Nicole Harmon, director of Humane Indiana Wildlife, a Valparaiso nonprofit that does wildlife rehab, banded the second bird, a male now marked “U10.”
And so the female became Elaine and the male Skip — names that emerged from a contest that Indiana Audubon held for this nest over the past month. Dozens of names were suggested through the contest website, followed by hundreds of votes at the site and on social media. The winning two pay homage to the late Elaine “Skip” Gehring of Whiting, Ind., an Audubon supporter and bird watcher who died one year ago at age 95.
The third winning name in the contest was Athena. If the falcons’ mother would have come close enough to safely grab, Bumgardner said, he could have banded and named her on Wednesday, too.
Bumgardner said this was the optimal time for banding.

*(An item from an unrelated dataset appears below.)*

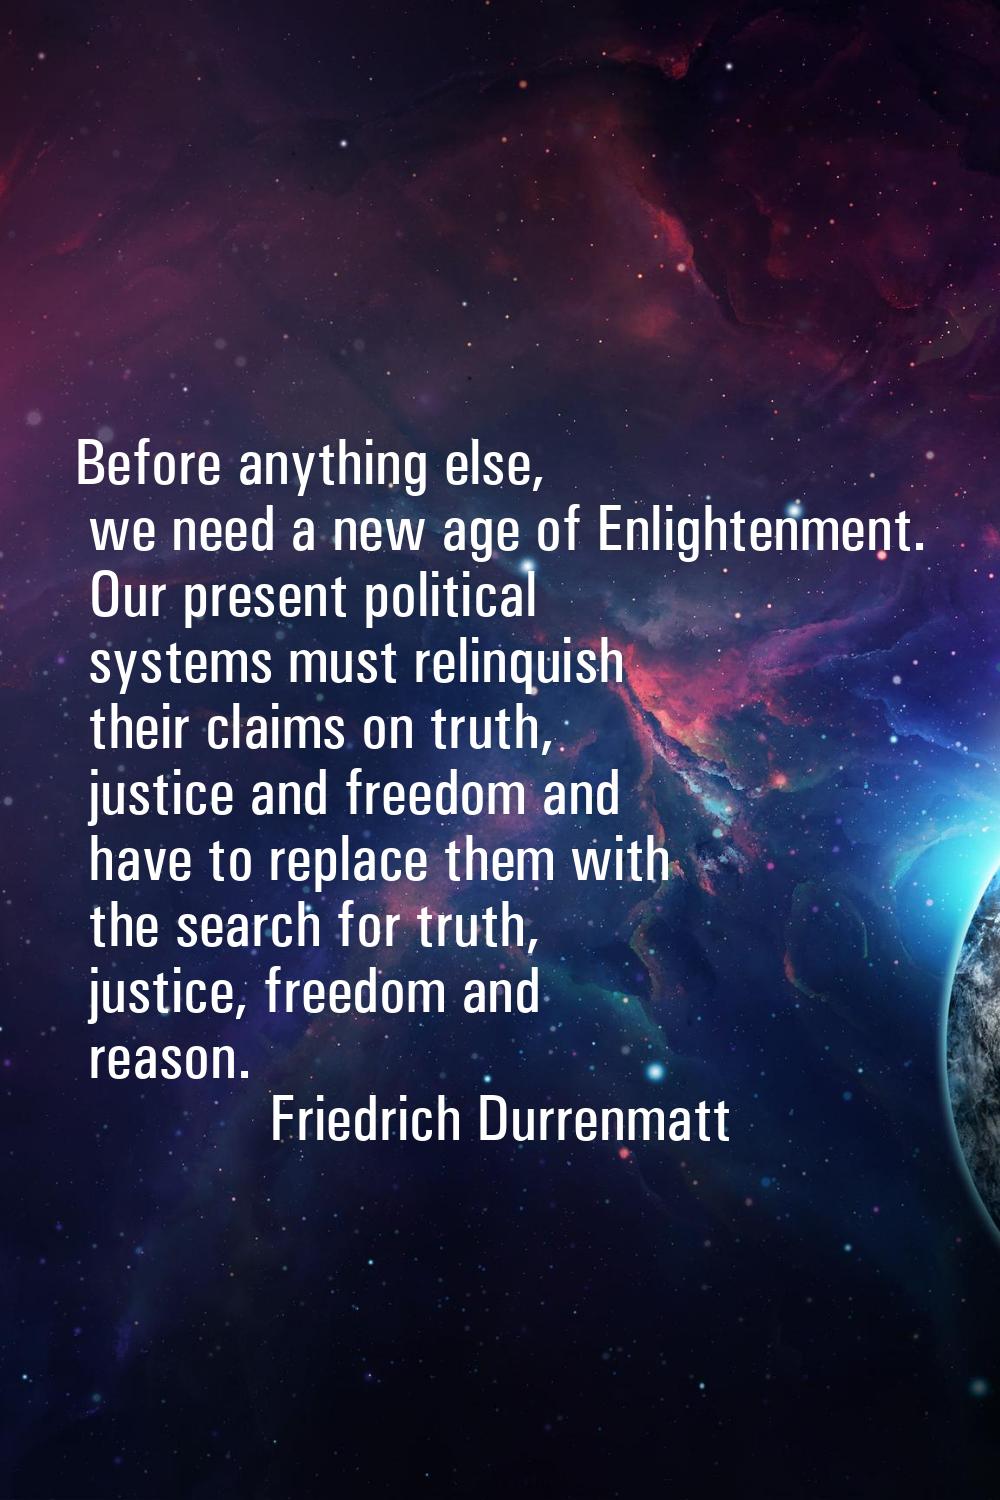 Before anything else, we need a new age of Enlightenment. Our present political systems must relinq

The young birds’ legs are as big as they’ll get, so he knows the bands will continue to fit.
Last week, the three chicks in the nest atop the Indiana Michigan Power Center in downtown Fort Wayne were banded, too, taking names that kids at the Boys & Girls Club of Fort Wayne thought of — then were selected after more than 1,800 votes: Marshmallow, Squirt and Stewart."